Giving up your right to ownership or control of money and property.
Agreeing to pay bills and debts of the person you are marrying or to
whom you are married. Giving up your right to money and property if
your marriage ends or the person to whom you are married dies. Giving
up your right to have your legal fees paid."
(4) A party has adequate financial disclosure under this section if
the party:
(a) Receives a reasonably accurate description and good-faith estimate
of value of the property, liabilities, and income of the other party;
or . . .
(c) Has adequate knowledge or a reasonable basis for having adequate
knowledge of the information described in paragraph (a) of this
subsection (4).
(5) A premarital agreement or marital agreement or amendment thereto
or revocation thereof that is otherwise enforceable after applying the
provisions of subsections (1) to (4) of this section is nevertheless
unenforceable insofar, but only insofar, as the provisions of such
agreement, amendment, or revocation relate to the determination,
modification, limitation, or elimination of spousal maintenance or the
waiver or allocation of attorney fees, and such provisions are
unconscionable at the time of enforcement of such provisions. The
issue of unconscionability shall be decided by the court as a matter
of law. . . .
(8) A premarital or marital agreement, or an amendment of either, that
is not in a record and signed by both parties is unenforceable.
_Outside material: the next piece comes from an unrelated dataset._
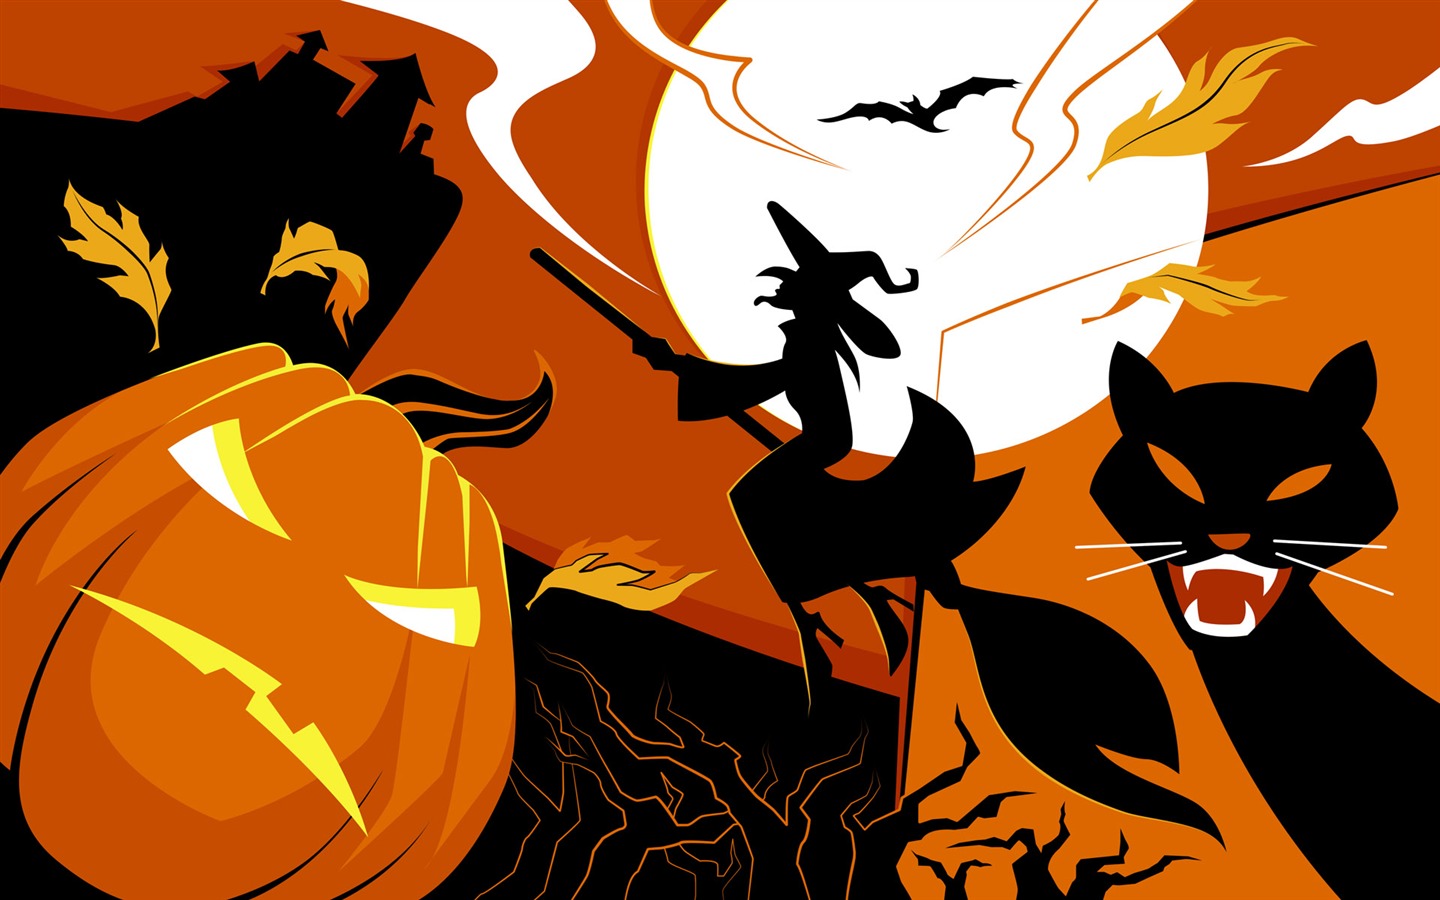 Fondos de Halloween temáticos (5) #13 - 1440x900

The enforcement provisions contemplate situations where one spouse (often called the "poor spouse") can enforce the agreement if desired, but the other spouse (often called the "rich spouse") cannot enforce it.
Colorado Revised Statutes § 14-2-310 meanwhile, sets forth certain prenuptial agreement provisions that aren't enforceable even if the execution of the agreement meets all of the requirements:
(1) In this section, "custodial responsibility" means parental rights
and responsibilities, parenting time, access, visitation, or other
custodial right or duty with respect to a child.
(2) A term in a premarital agreement or marital agreement is not
enforceable to the extent that it:
(a) Adversely affects a child's right to support;
(b) Limits or restricts a remedy available to a victim of domestic
violence under law of this state other than this part 3;
(c) Purports to modify the grounds for a court-decreed legal
separation or marital dissolution available under law of this state
other than this part 3;
(d) Penalizes a party for initiating a legal proceeding leading to a
court-decreed legal separation or marital dissolution; or
(e) Violates public policy.
(3) A term in a premarital agreement or marital agreement which
defines the rights or duties of the parties regarding custodial
responsibility is not binding on the court.
Colorado is more stringent than most U.S. states in the requirements it imposes to enforce prenuptial agreements, so an agreement that met its standards would be valid in almost every U.S. state. Most, but not all, U.S. states, have enacted an earlier version of the uniform act with fewer formal requirements.